今日もワインを飲んでます そして思いついたことを書きつづる

アルト・アディジェ

プレゼント専門シエル・エ・ヴァンの店長・ハヤシです。
今回もヨーロッパです。アルザスと同じように、異国文化が形成されている地域として、イタリアのトレンティーノ・アルト・アディジェについて勝手に語ります。

 

イタリア最北端の州がトレンティーノ・アルト・アディジェです。
やはりアルザスと同じように国境に接しています。アルザスがフランスにありながらドイツ色とともに、複雑な文化を内包していたのと同じように、ここもチロルの一端にあることで、独特な文化になっています。
また、この地域はワイン生産でも評価されています。
スイス、オーストリアに接する北部アルト・アディジェ地区と州都トレンティーノがある南部トレンティーノ地区、ともに優良なワインを生産しています。

 

アルト・アディジェは別名を南チロルといいます。
チロル(Tirol)は、ほぼヨーロッパの中部に位置し、アルプス山脈東部の地域をさします。国ではオーストリアからイタリアに及び、イタリア側を南チロルといいます。
したがって、地形的理由から住民は多くがドイツ系です。南チロルでもイタリア語ではなくドイツ語が初等教育から使われています。

 

これは歴史的背景も影響しています。
1810年にバイエルンからナポレオンに、つまりイタリアに譲渡されてイタリア領となります。しかし、ナポレオン没後は、ウィーン会議によりオーストリア帝国の領土となりました。この地域がチロル伯領です。
第一次世界大戦後にイタリアに戻りました。
現在のイタリア側の南チロル (Südtirol) はボルツァーノ自治県に、ヴェルシュチロル(Welschtirol)であるトレンティーノはトレント自治県になりました。2県を合わせたものが、トレンティーノ=アルト・アディジェ特別自治州になります。
かつての「チロル伯領」です。

 

ワイン醸造地としては規模は小さく、ブドウ栽培業者がは5300ヘクタールに満たない栽培面積だといいます。しかし、20種類もの品種を栽培し、年間製造量は約3500万リットルで、高品質のワインを産出することで知られています。
白ワインと赤ワインの比率では、白が約55%、赤が45%程度です。
白ワインの品種としては、ソーヴィニョン、ミュラー・トゥルガウ、シルヴァーナー、ケルナー、リースリング、ヴェルトリーナーが代表的なものです。アルト・アディジェ(南チロル)のDOC認定白ワインは、イタリア産白ワインの最高峰と評価されています。
赤ワインについては、アルト・アディジェ(南チロル)では150年前から、ピノ・ネーロ、メルロー、カベルネ・ソーヴィニョン、カベルネ・フランなどの有名な品種が栽培されています。

 

ここには南チロル人民党という地域政党もあります。
南チロルのドイツ語とラディン語を話す人を代表する政党で、ナチズムやファシズムに抵抗した人々を中核にして結成されました。
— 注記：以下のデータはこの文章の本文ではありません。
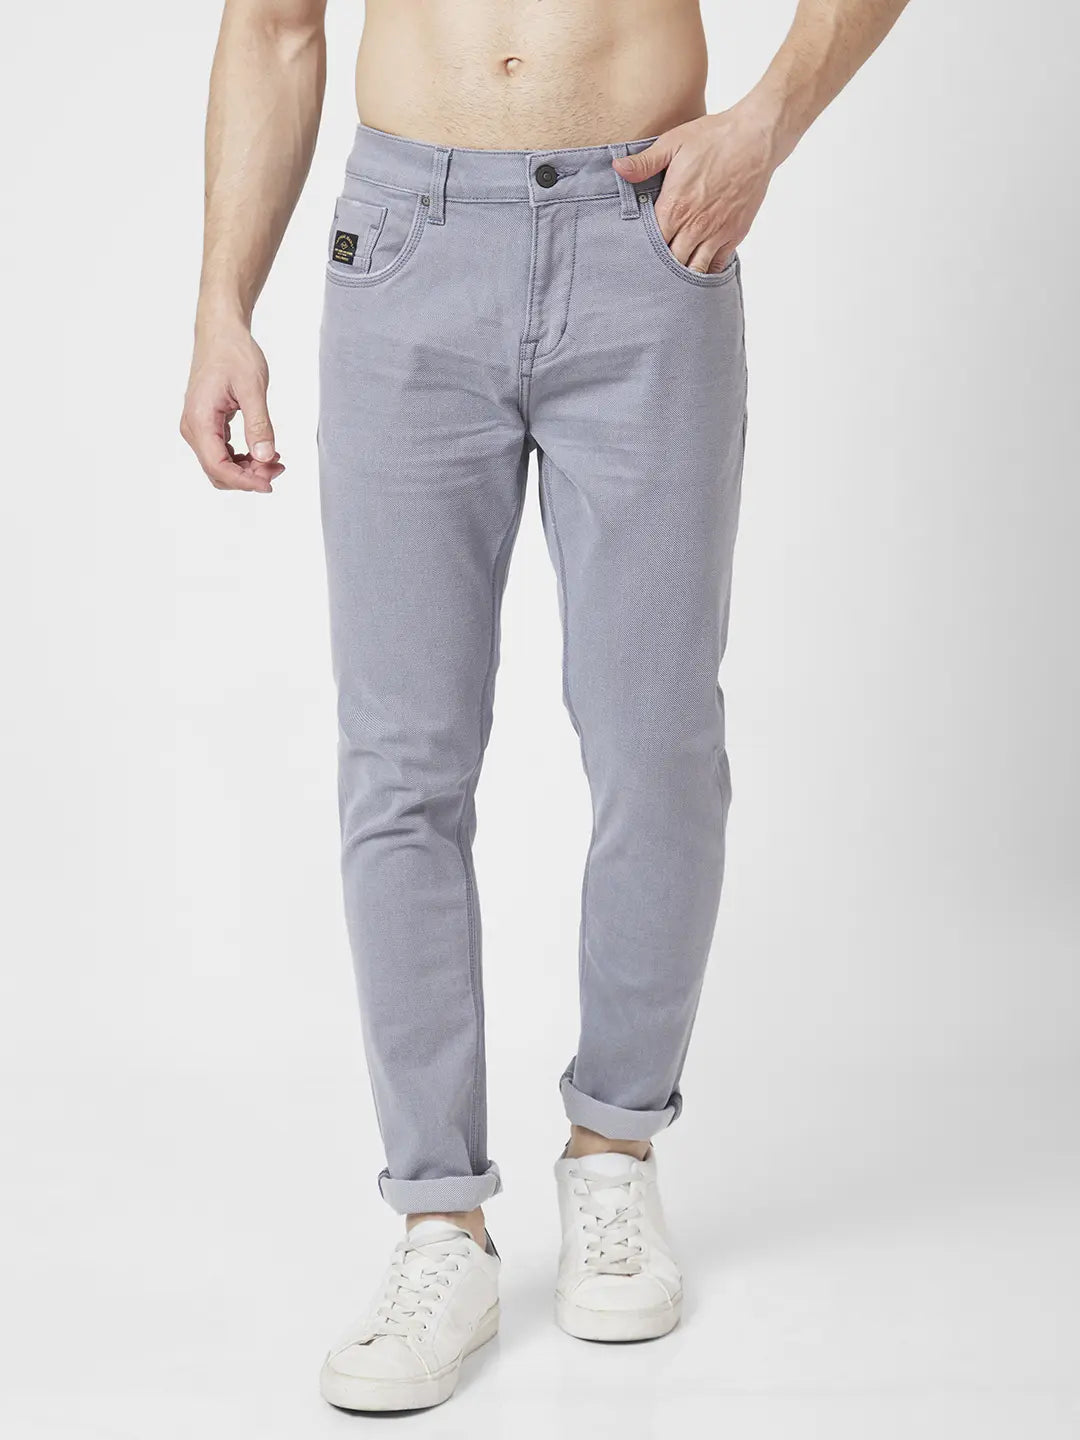 Spykar Men Grey Cotton Slim Fit Narrow Length Clean Look Low Rise Jeans (Skinny)

第二次大戦終結のときでした。
当初はイタリアから分離するための住民投票の実施でしたが、その後、ドイツ語、ラディン語とイタリア語の二言語併用を南チロルにおいて推進することで、自治権を拡大することを目的としました。
地域政党だけあって、政策的背景としては、キリスト教民主主義、社会民主主義と、政党内にそれぞれの潮流が含まれています。ボルツァーノ自治県内では、圧倒的な党勢を誇っています。
さらには、イタリア議会にも進出を果たしています。

 

そんな南チロルはイタリアの中でドイツ色が強く、オーストリアのチロルと分断された独特な地域です。ぜひ、この機会に覚えてください。